Specifically, Senator Warren recommends that,
- Payrolls must be maintained and companies must use funds to keep people working or on payroll
- $15 minimum wage within one year of the end of the national emergency
- Permanent ban on share buybacks
- No dividends or executive bonuses while receiving relief and for three years afterwards
- Must obtain shareholder and board approval for all political spending
- Collective bargaining agreements should remain in place
Kelleher also advised that “Any company that gets public aid must also help itself by not wasting its limited cash on share buybacks or dividends, which all must be suspended for at least the duration of the crisis.” Executives are unlikely to like that he also rightly advises that “executive compensation and bonuses must be limited to reasonable amounts.” I hope that we learned from the financial crisis from a decade ago. We absolutely cannot afford another no-strings bailout like what the government did for Wall Street. Ordinary Americans rescued banks and shortly thereafter in 2009, bankers paid themselves $22 billion in bonuses.

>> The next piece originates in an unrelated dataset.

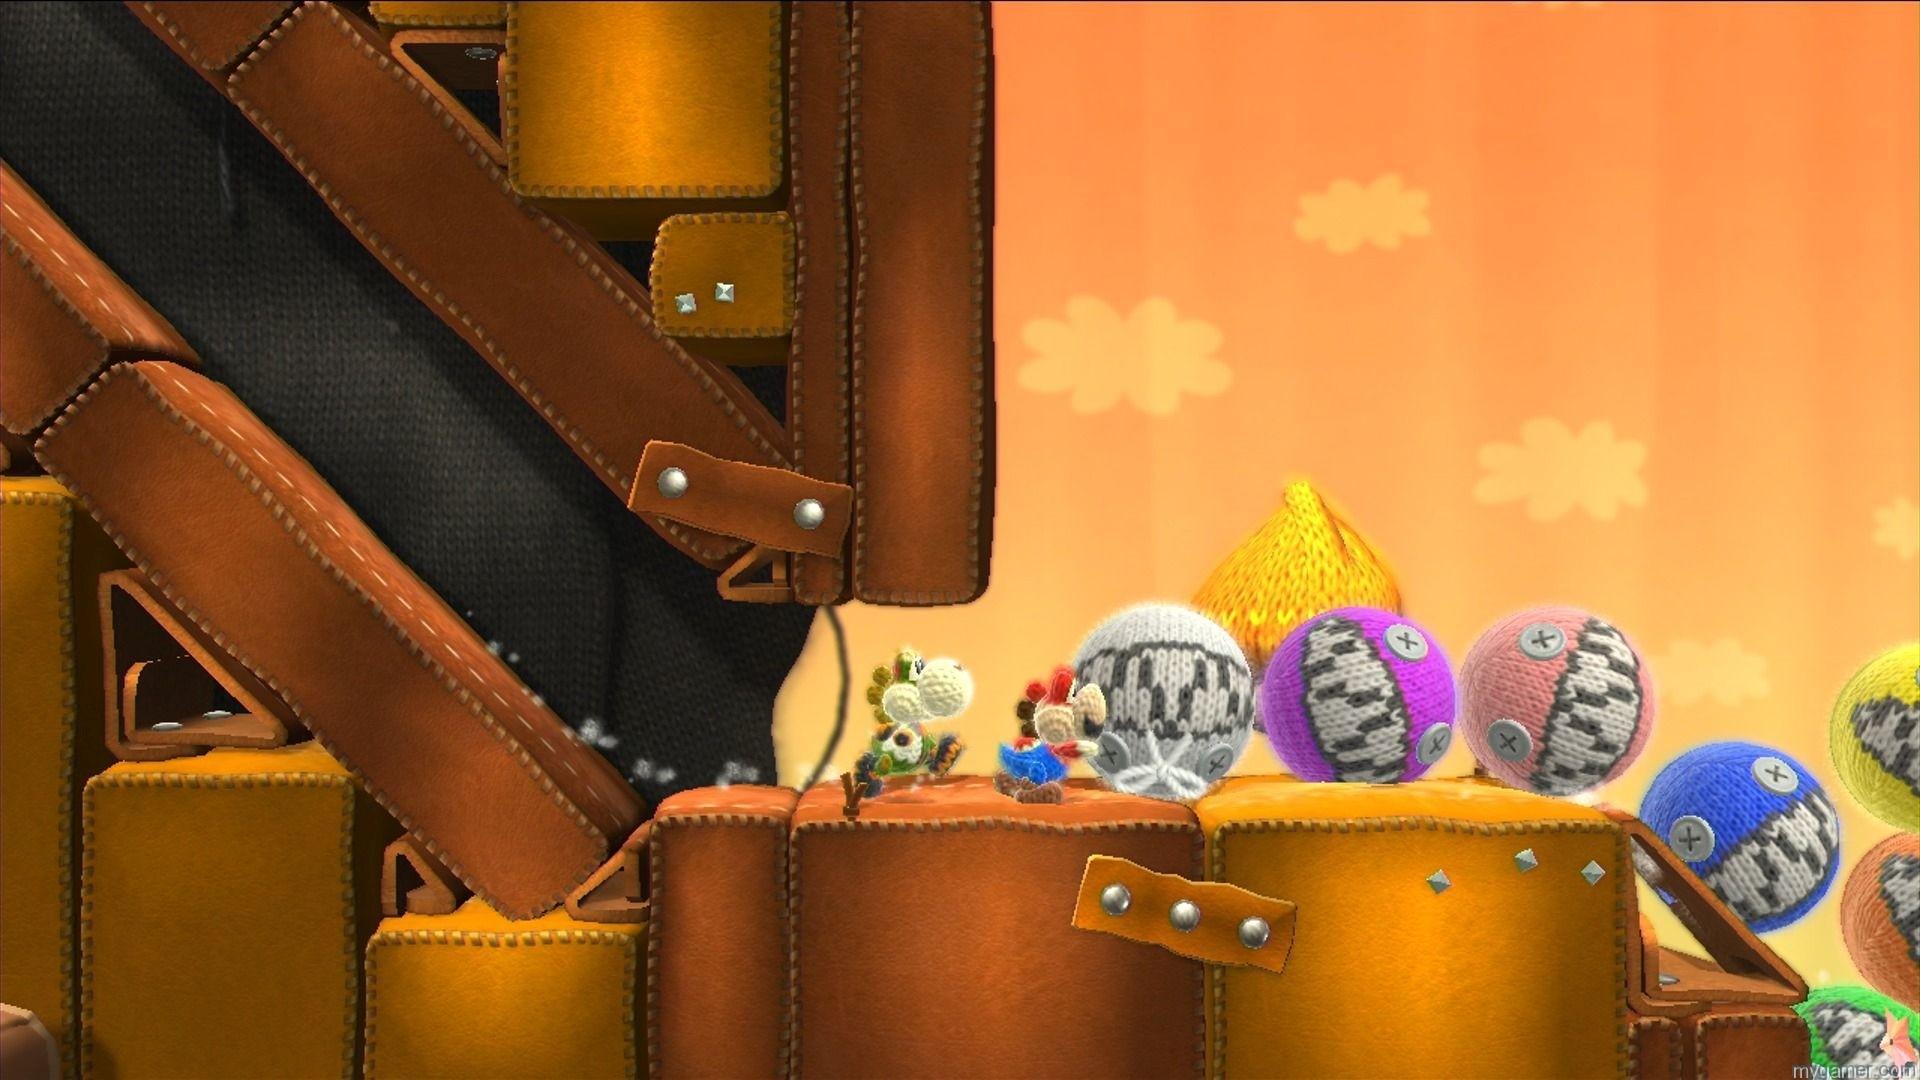 Yoshi Woolly World rockpush Yoshi's Woolly World Wii U Review Yoshi's Woolly World Wii U Review Yoshi Woolly World rockpush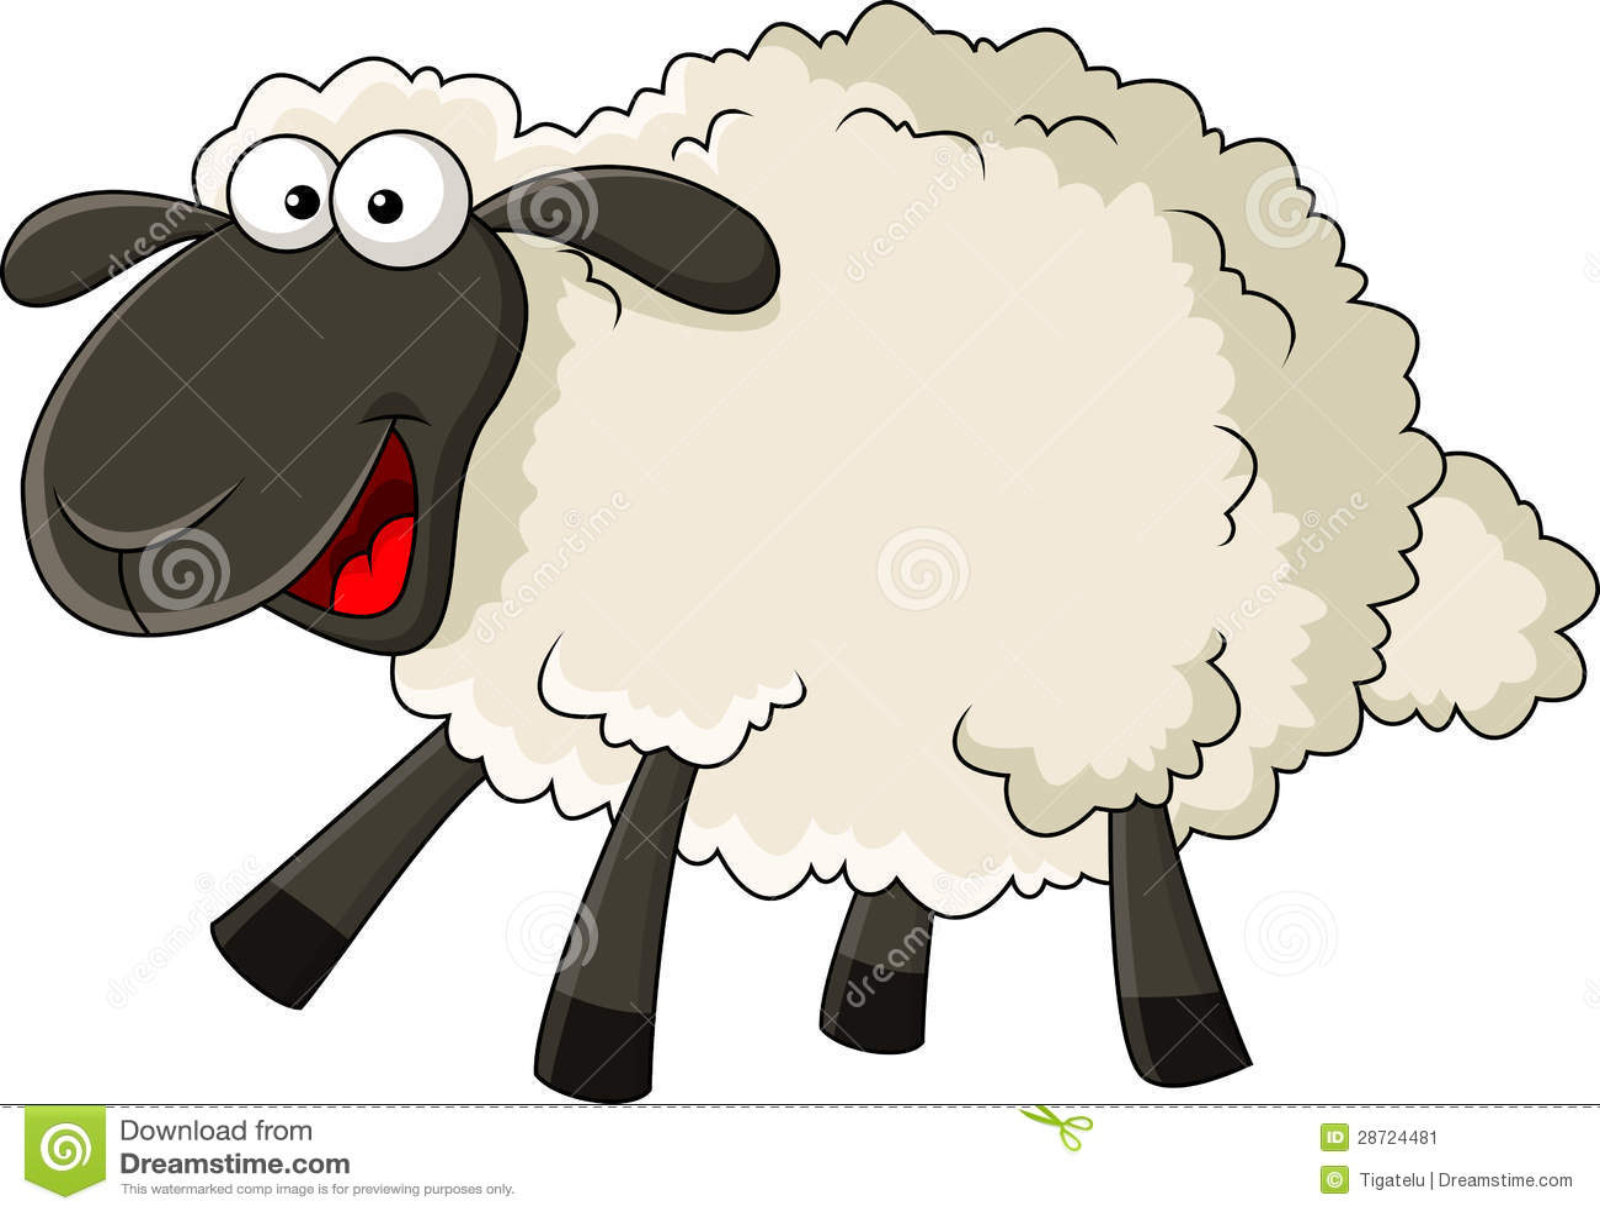 funny sheep cartoon stock image image 28724481 angry eyes images clip art Sad Eyes Clip Art

Legislators must use trillions of dollars to bailout ordinary Americans and they need to set-up very strict oversight of any taxpayers funds that end up going to companies. Kelleher strongly recommends that employer have to pay wages and tips immediately. “This must be done first and fast, along with transparency, accountability and public oversight. Otherwise, social and political upheaval if not chaos are just weeks away.”